In its statement, the Fed’s policy committee said the most recent information that it had showed “the pace of recovery in output and employment has slowed”.

“Household spending is increasing gradually, but remains constrained by high unemployment, modest income growth, lower housing wealth, and tight credit. Business spending on equipment and software is rising; however, investment in nonresidential structures continues to be weak and employers remain reluctant to add to payrolls. Housing starts remain at a depressed level. Bank lending has continued to contract.

“Nonetheless, the committee anticipates a gradual return to higher levels of resource utilisation in a context of price stability, although the pace of economic recovery is likely to be more modest in the near term than had been anticipated.

“Measures of underlying inflation have trended lower in recent quarters and, with substantial resource slack continuing to restrain cost pressures and longer-term inflation expectations stable, inflation is likely to be subdued for some time.

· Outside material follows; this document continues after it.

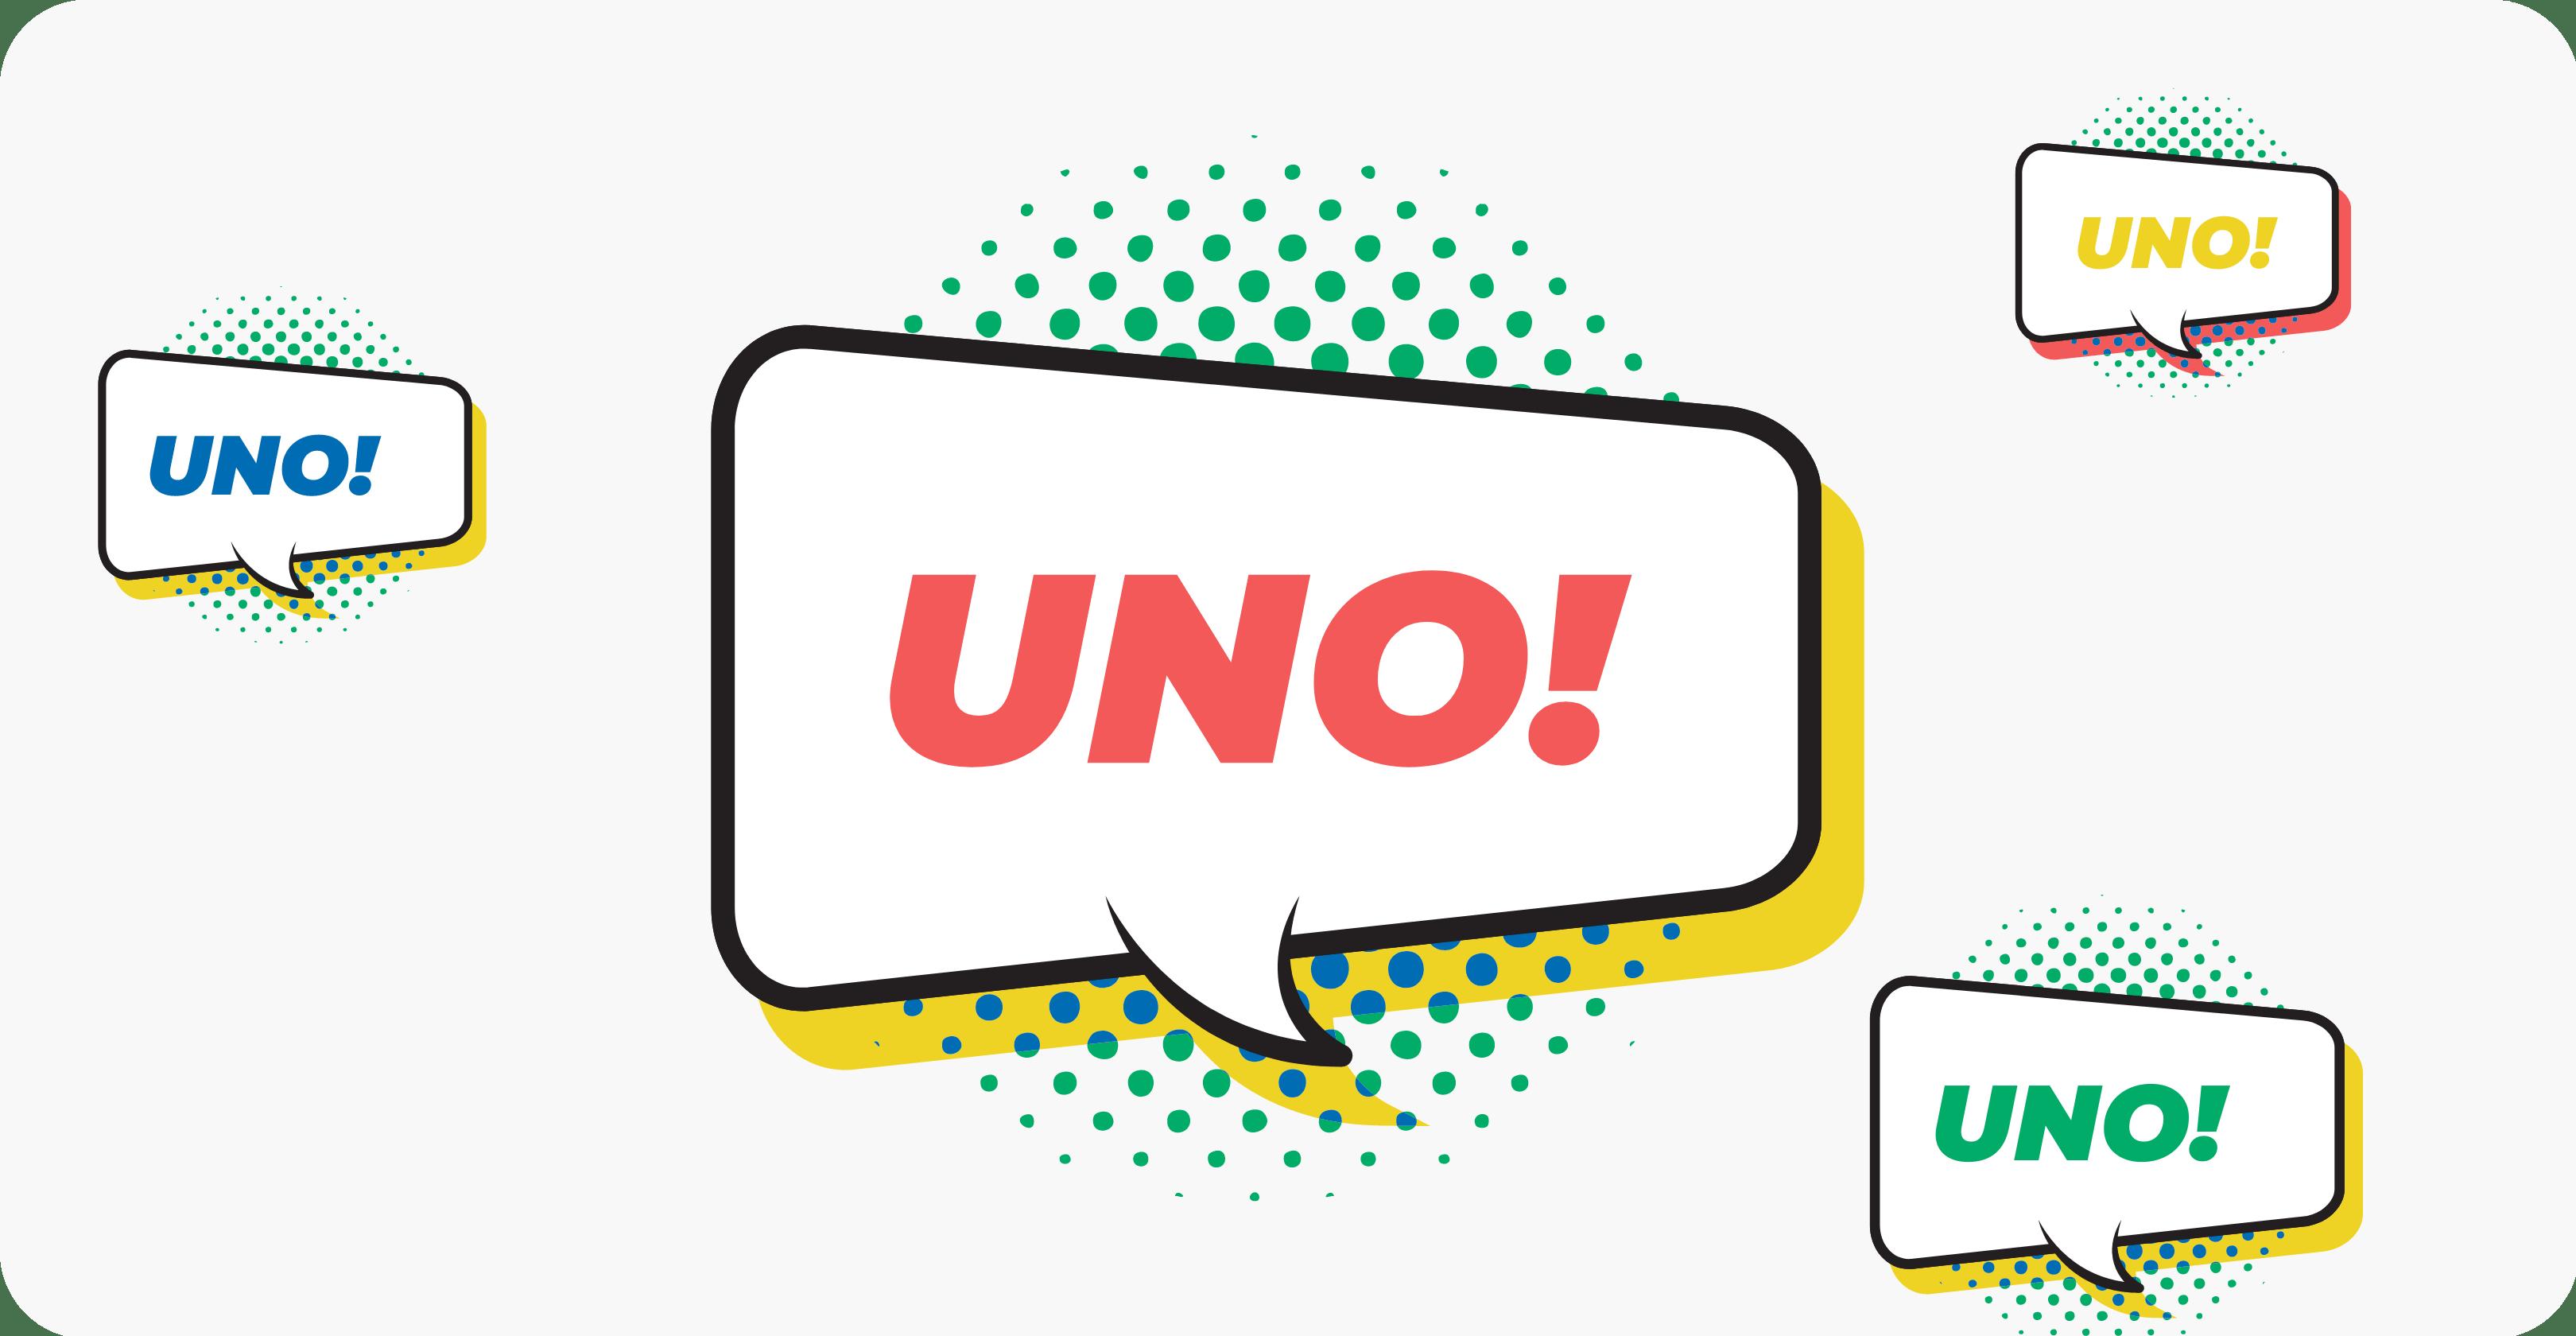 Last card - Uno!

“The committee will maintain the target range for the federal funds rate at 0 to 1/4% and continues to anticipate that economic conditions, including low rates of resource utilisation, subdued inflation trends, and stable inflation expectations, are likely to warrant exceptionallylow levels of the federal funds rate for an extended period.”

The committee noted that there was one dissenting voice among their ranks: Thomas Hoenig.

He believes that the economy “is recovering modestly as projected” and that the Fed no longer needed to express the expectation that rates would remain low for an extended period.

Earlier in the day, the US government reported productivity in the US unexpectedly decreased in the second quarter after employers expanded the workweek by the most in four years even as the world’s largest economy cooled.